New Delhi: A father neglected by his son for a number of years is legally entitled to execute a will bequeathing his property in favour of his near relatives and deny him his due share, the Supreme Court has held.
The deprivation by the testator to his natural legal heirs in itself will not lead to a conclusion that there is suspicion in the will executed by him, said a Bench consisting of Justices S.B. Sinha and H.S. Bedi.It upheld the execution of a will by Sankaran Nair bequeathing his property to his sister’s children. His reason for denying his son, Madhavan Nair, a share in the property was that he neglected him (Sankaran Nair) when he was suffering from cancer and only his nephew and nieces took care of him.
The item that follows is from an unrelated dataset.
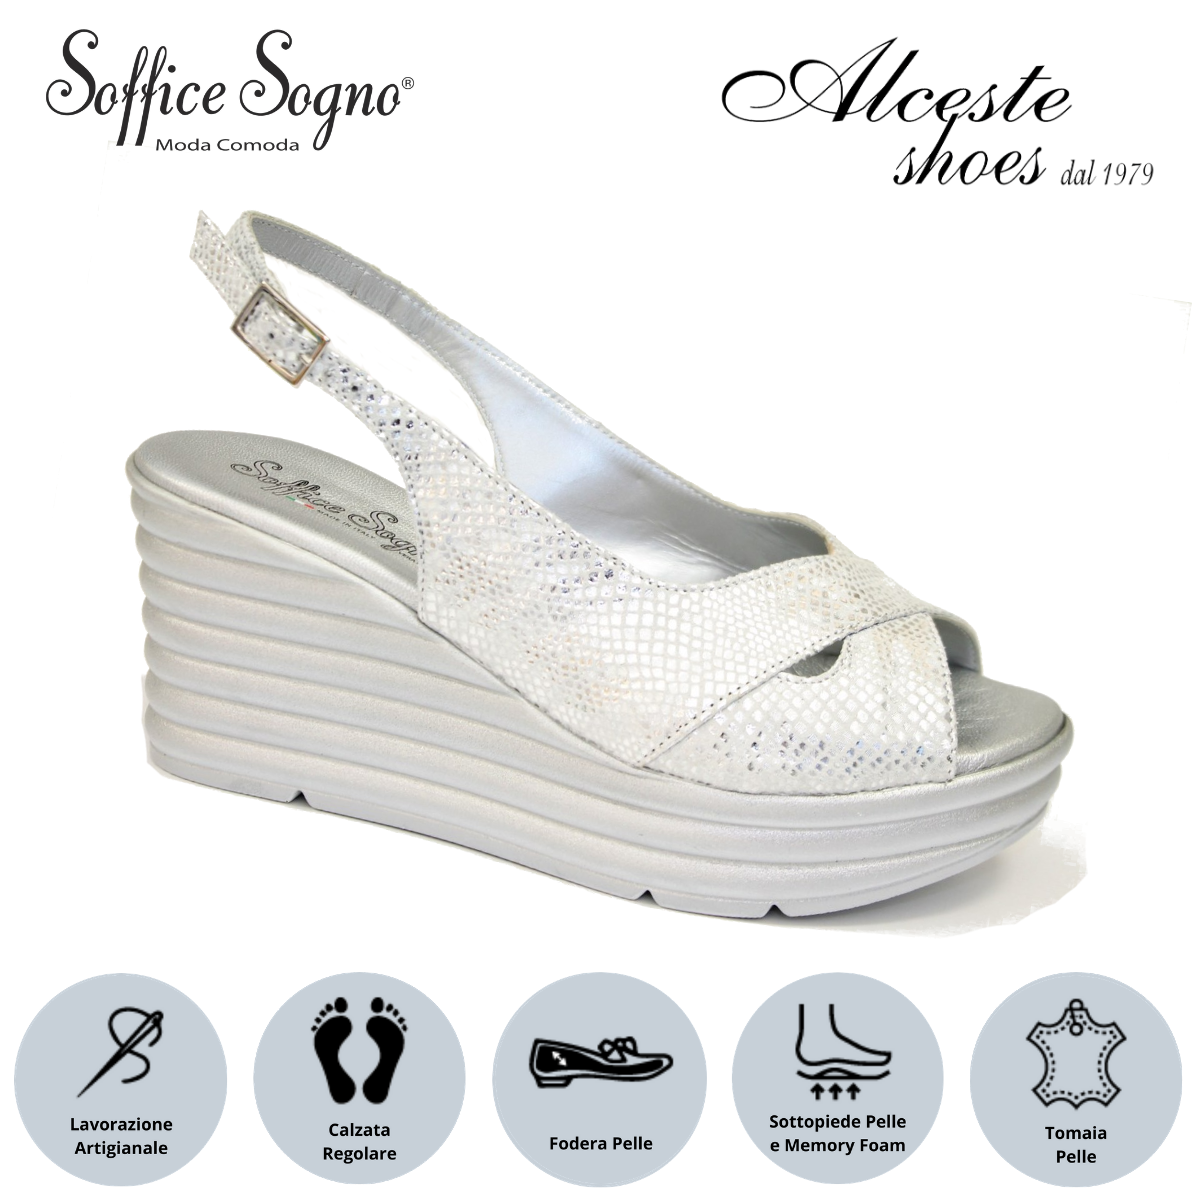 Sandalo con Zeppa "Soffice Sogno" Art. 1010 Pelle Stampata Argento Alceste Shoes 8 2
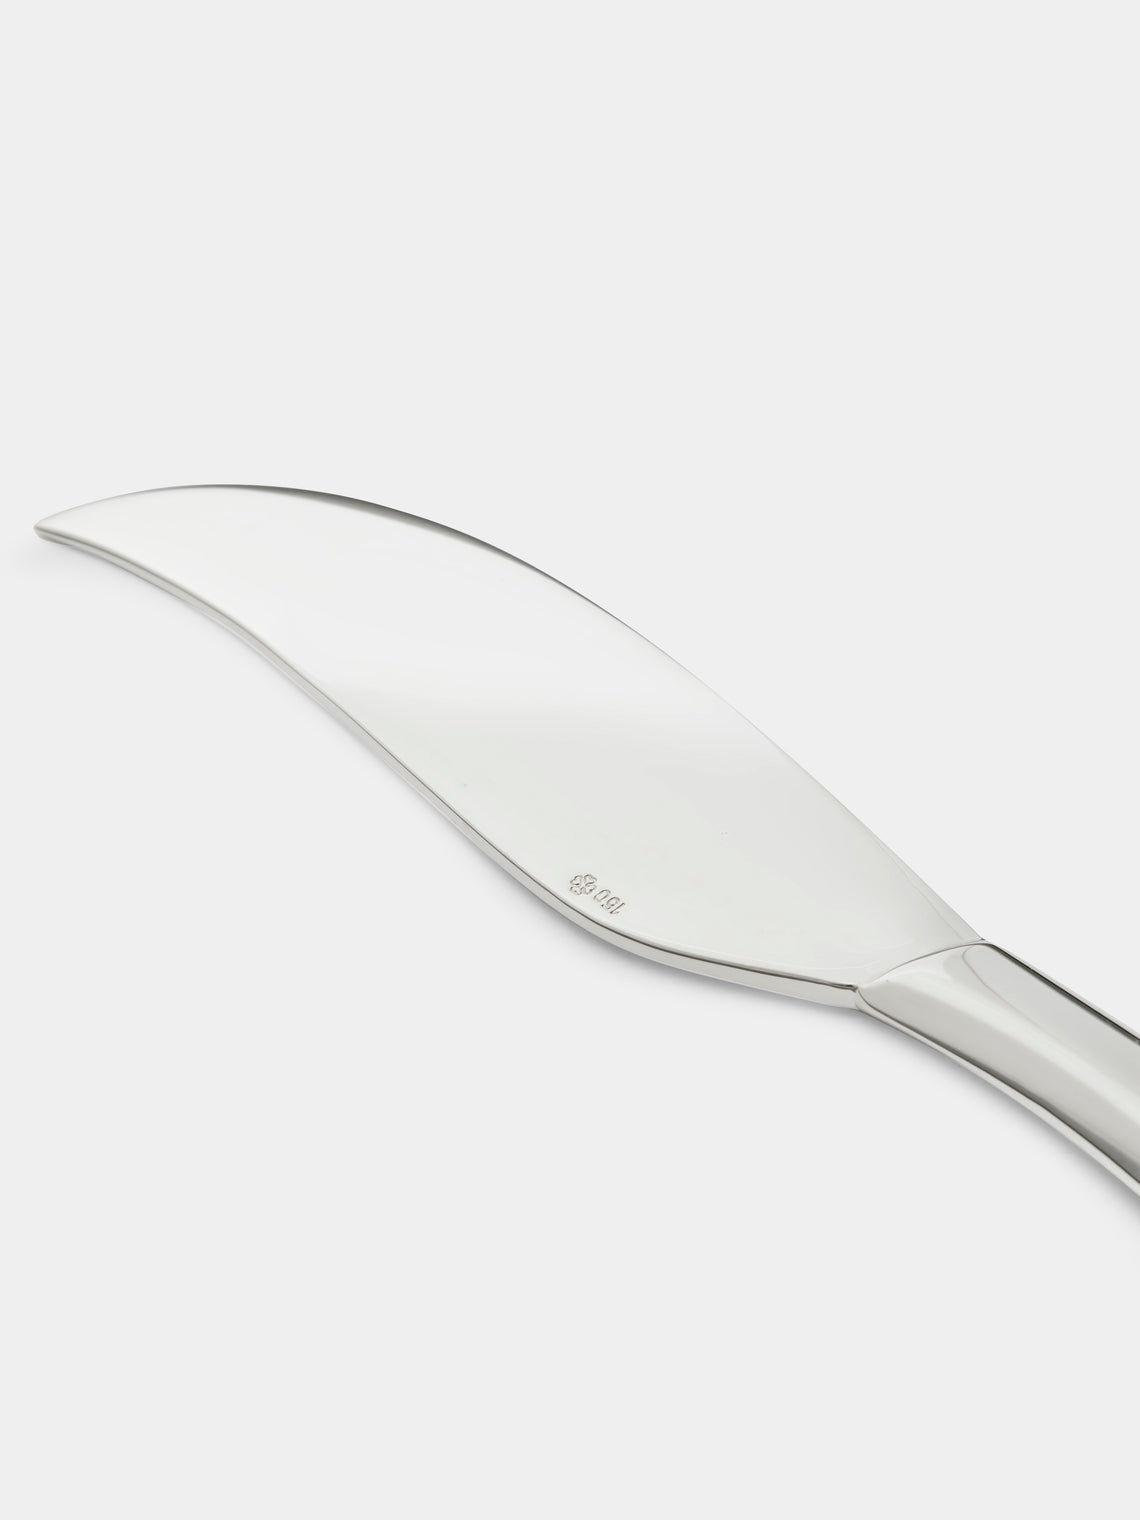 Wiener Silber Manufactur - Josef Hoffmann 135 Silver-Plated Fish Knife - Silver - ABASK

Following differences with his wife Nanikutty Amma, Sankaran Nair was staying with his sister and her children, who met the entire cost of his treatment. He died in 1978.The wife, son and daughters of Madhavan Nair contested the will contending that its execution was surrounded by suspicious circumstances.
It was alleged that the beneficiaries took an active role in its execution. While the trial court decreed in favour of Madhavan Nair’s family, the Kerala High Court reversed the order.
Dismissing the appeal by Madhavan Nair’s family against this judgment, the Bench said, “We do not find in the fact situation obtaining herein that any such suspicious circumstance was existing.” Writing the judgment, Justice Sinha said, “The son was not meeting his father. He had not been attending to him. He was not even meeting the expenses for his [Sankaran Nair’s] treatment from 1959, when he lost his job, till his death in 1978. The testator was living with his sister and her children. If in that situation, if he executed a will in their favour, no exception thereto can be taken. Even then, something was left for the appellant son.”
Being totally dependent on the respondents, Sankaran Nair, suffering from cancer, was “bound to place implicit faith and confidence only in those who had been looking after him. The will was admittedly registered. The testator lived for seven years after the execution of the will. He could have changed his mind; he did not. The very fact that he did not take any step for cancellation of the will is itself a factor which the court may take into consideration for the purpose of upholding the same.”